Glas Koncila is a Croatian, Roman Catholic, weekly newspaper published in Zagreb and distributed throughout the country, as well as among Croats of Bosnia and Herzegovina and Croatian diaspora.

Publishing history 
The newspaper (whose title means "Voice of the Council") began publication on October 4, 1962, at the initiative of the Zagreb Franciscans and based upon a decision made by the archbishop of Zagreb, Franjo Šeper, as a mimeographed bulletin which reported on the events of the Second Vatican Council. During the 1970s newspaper had a circulation of circa 140 000 copies weekly. Newspaper played decisive role in theological discuss following confrontations of various post-Council theological trends.

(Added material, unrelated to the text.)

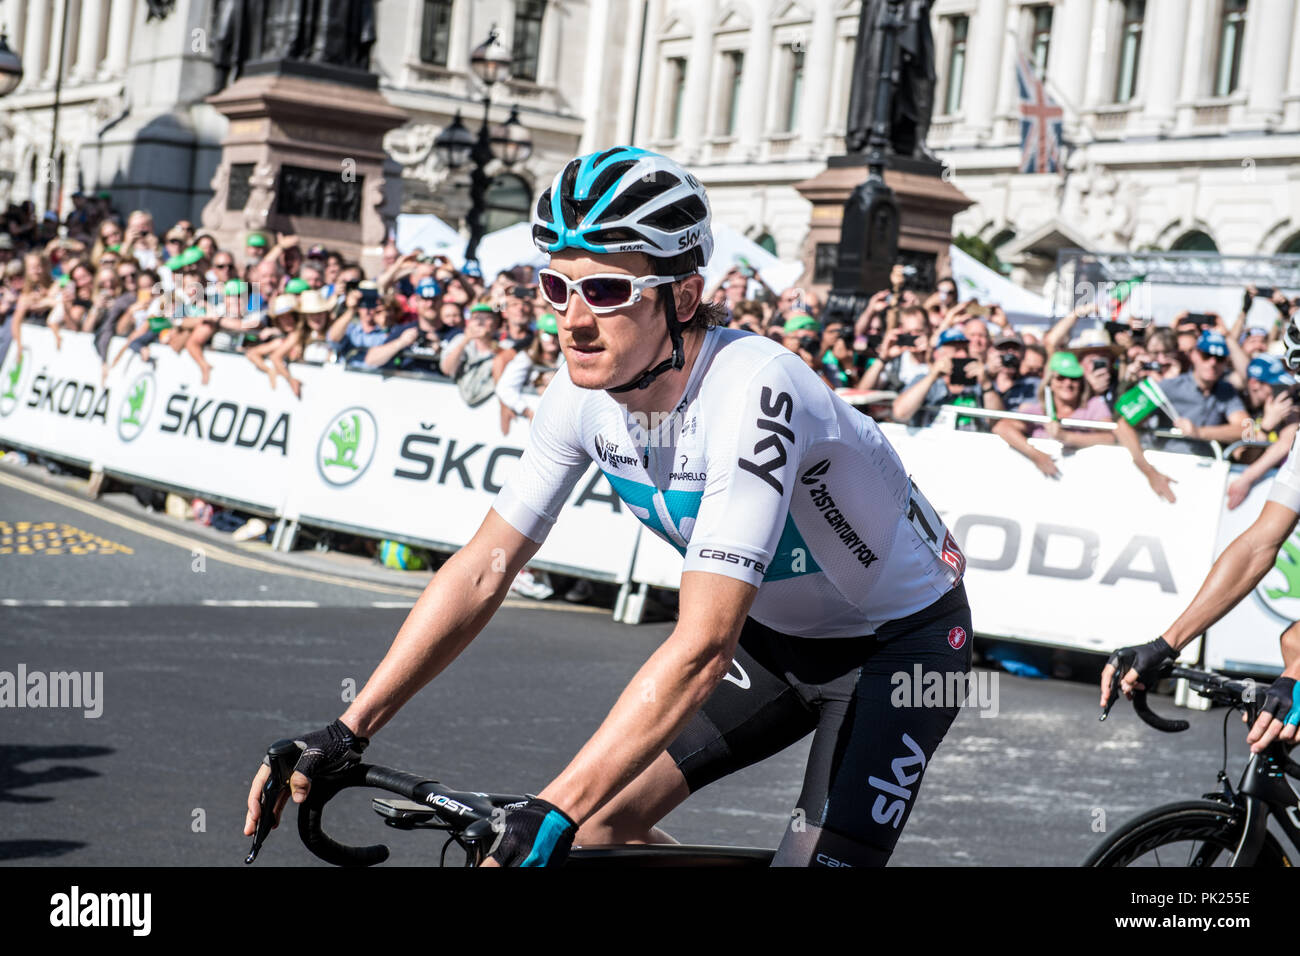 Ovo Tour of Britain, stage 8,London England UK. 9th September 2018 Stock Photo

It was first printed on September 29, 1963, with the motto "The New Face of the Church". The 1963 Christmas edition was printed in 40,000 copies. The publisher was the Archdiocesan Cathedra in Zagreb and the editor-in-chief was the head of this institution. It was issued every two weeks until the end of 1984. In December 1984, the publication's editor Živko Kustić was put under investigation for disseminating "misinformation" and was sentenced to two months in jail the following month.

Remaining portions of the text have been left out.